It was great having Rob presenting (virtually) to our Prague User Group what the DevOps is about and whether we should care or worry about it. As we are hearing more and more about it sounds like a great idea to learn more as well. Especially as Salesforce invented the DevOps Center (though we should admit it didn’t get much love in recent years, but that should change as we’ve been promised at Dreamforce).
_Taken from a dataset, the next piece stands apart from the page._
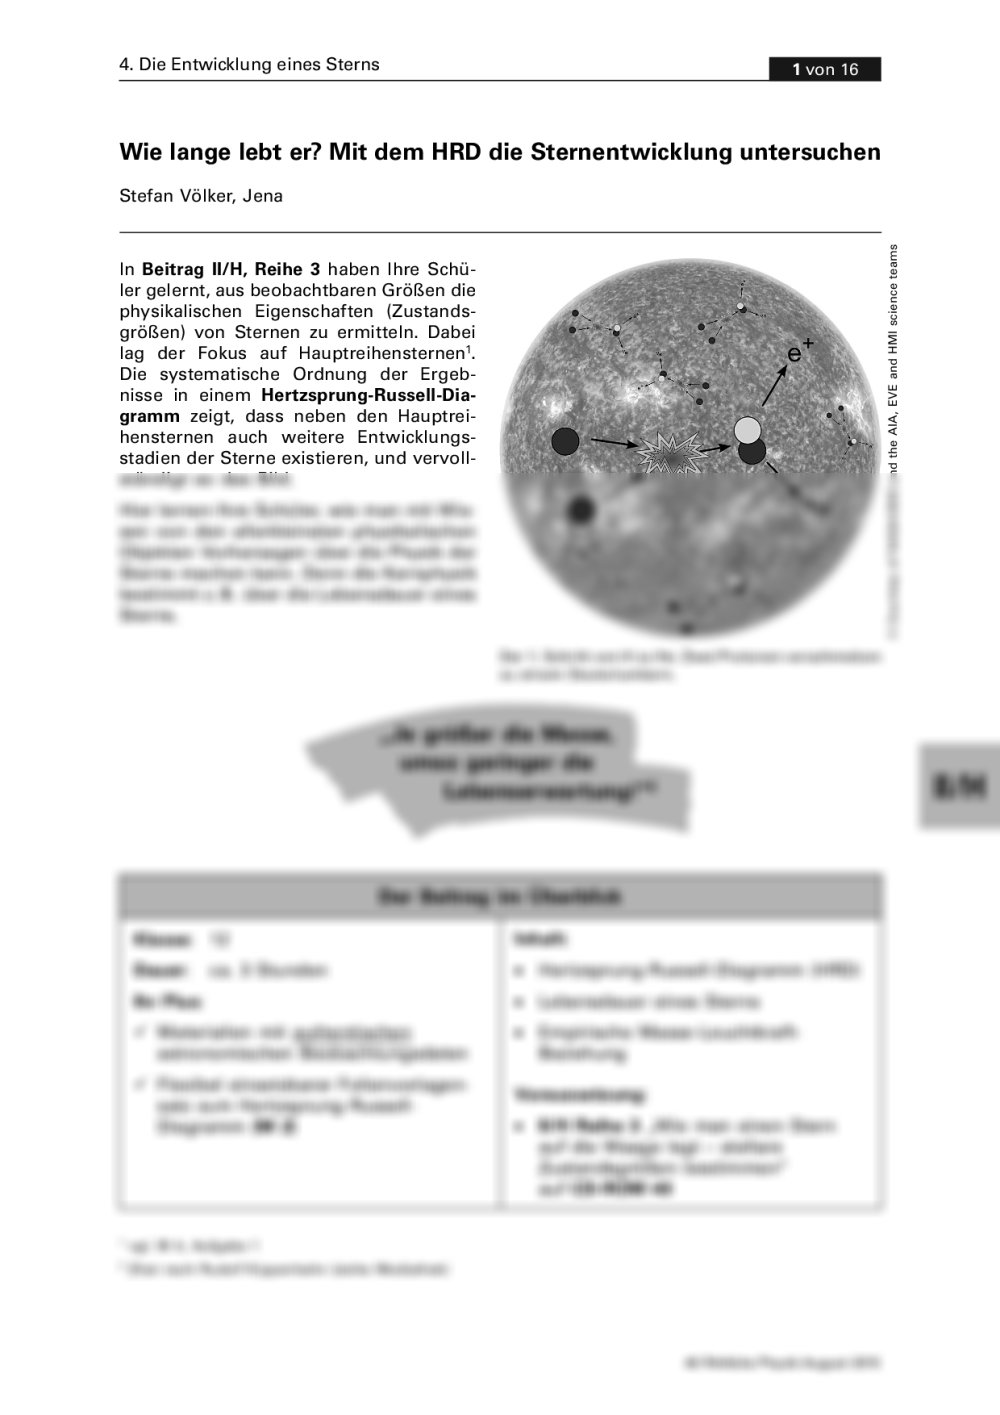 Mit dem HRD die Sternentwicklung untersuchen - Seite 1
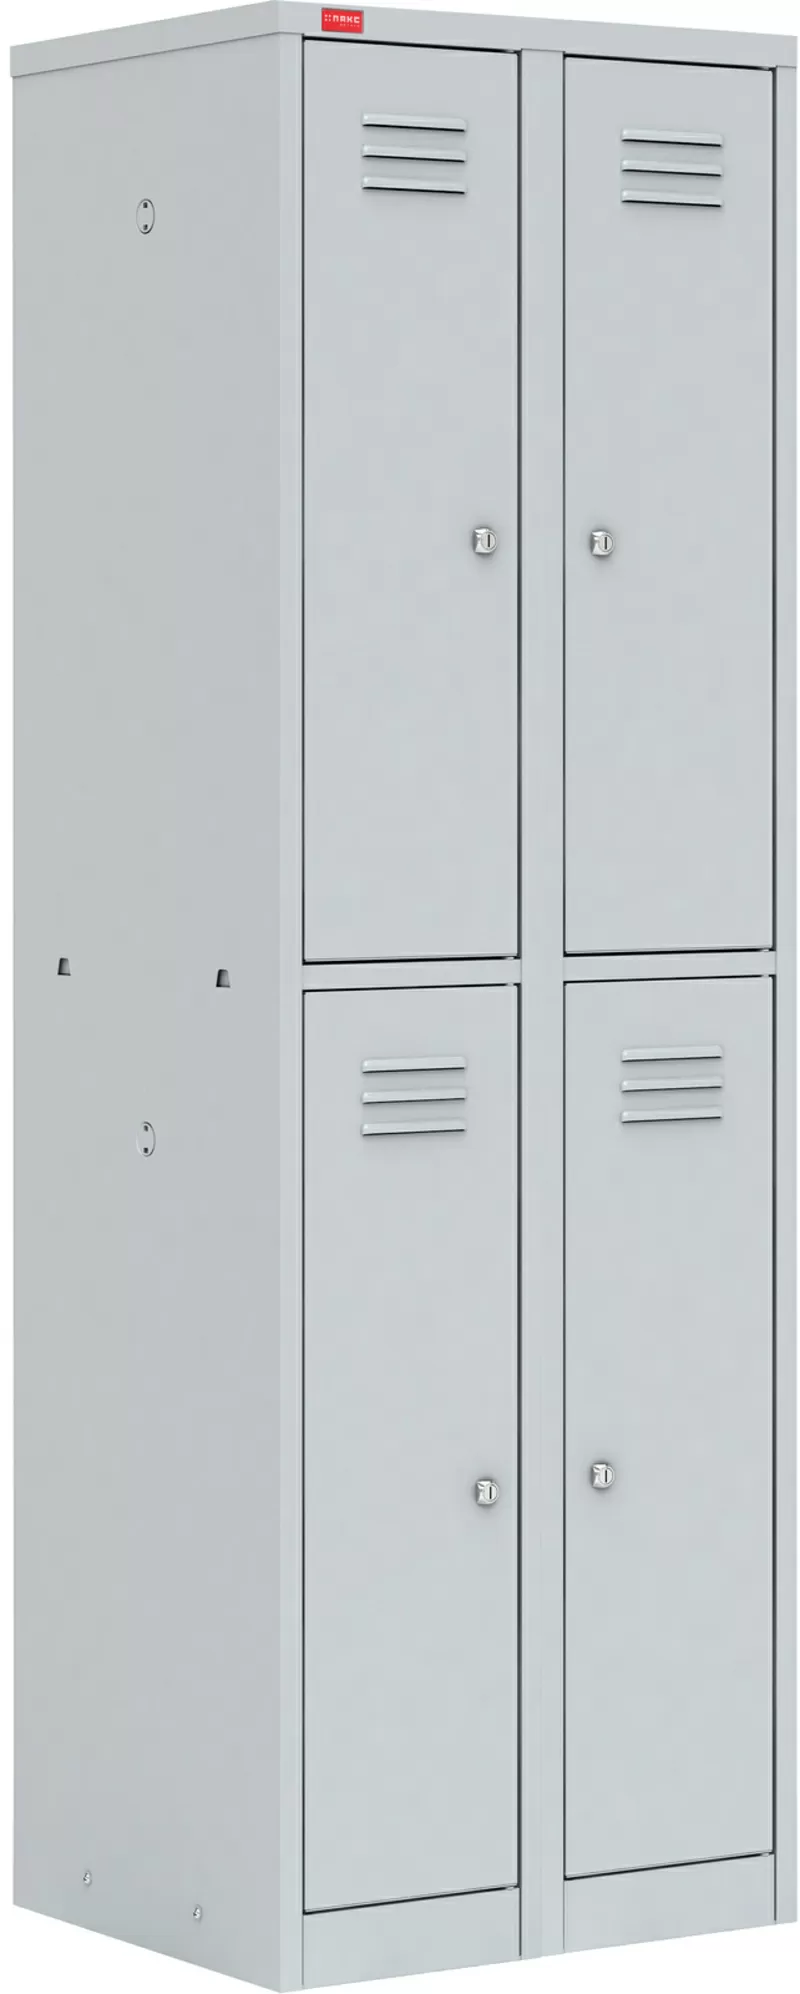 Металлический шкаф для одежды  ШРМ – 24 оптом и в розницу

- it isn’t just for teams, even if you are solo admins you can benefit from not getting yourself in a mess;
- additional technical tool isn’t usually enough, the culture/communication need to change;
- getting changes in the version control should be the most important step as you will have the log of changes, when, ideally why, who, etc.;
- peer review, PMD, Clayton and other things to improve code (and hence delivery) quality and through that minimize the technical debt as well;
- backup – yes, that might be part of the thing as well;
- speeding up the deployment might be also important as it will free your time to do better things, such as speaking with customer what else you can help them with;
- didn’t know before what „git“ stands for – „an unpleasant or contemptible person“;
- great explanation of changes vs staged changes (in VS Code) – just now I realized it really mimic change sets and the things in the change set are the „staged“ changes (obviously only after you commit them);
- why they always have it so quick and it took so much time on my machine? Things like downloading metadata, etc are done in a blink of eye on everyones demo and takes a few minutes on all my projects 🙁
- worry later about branching, merging, etc – sounds like trunk based development for those in a know?
- while version control allows you to roll back code, as an admin who starts using it, you probably shouldn’t aim for that. Take the version control as a place which shows you what has been, changed what and why but rather redo the changes manually then trying to somehow roll back. Using additional tools might simplify that though;
- Trailhead has some things to learn, the DevOps Launchpad might be more relevant (yes, run by Gearset). There is also great book by Rob Salesforce DevOps for Architects: Discover tools and techniques to optimize the delivery of your Salesforce projects and the DevOps Dreamin‘ conference regularly switching between Chicago and London;
- continues delivery will also have an impact about communication of changes inside your company – the „standard“ release notes sent via email or shared on intranet probably aren’t the right way forward with multiple deployments per day.
DevOps is not a tool only, it is also about culture, approach, not worrying about deploying again.
Presentation and recording available.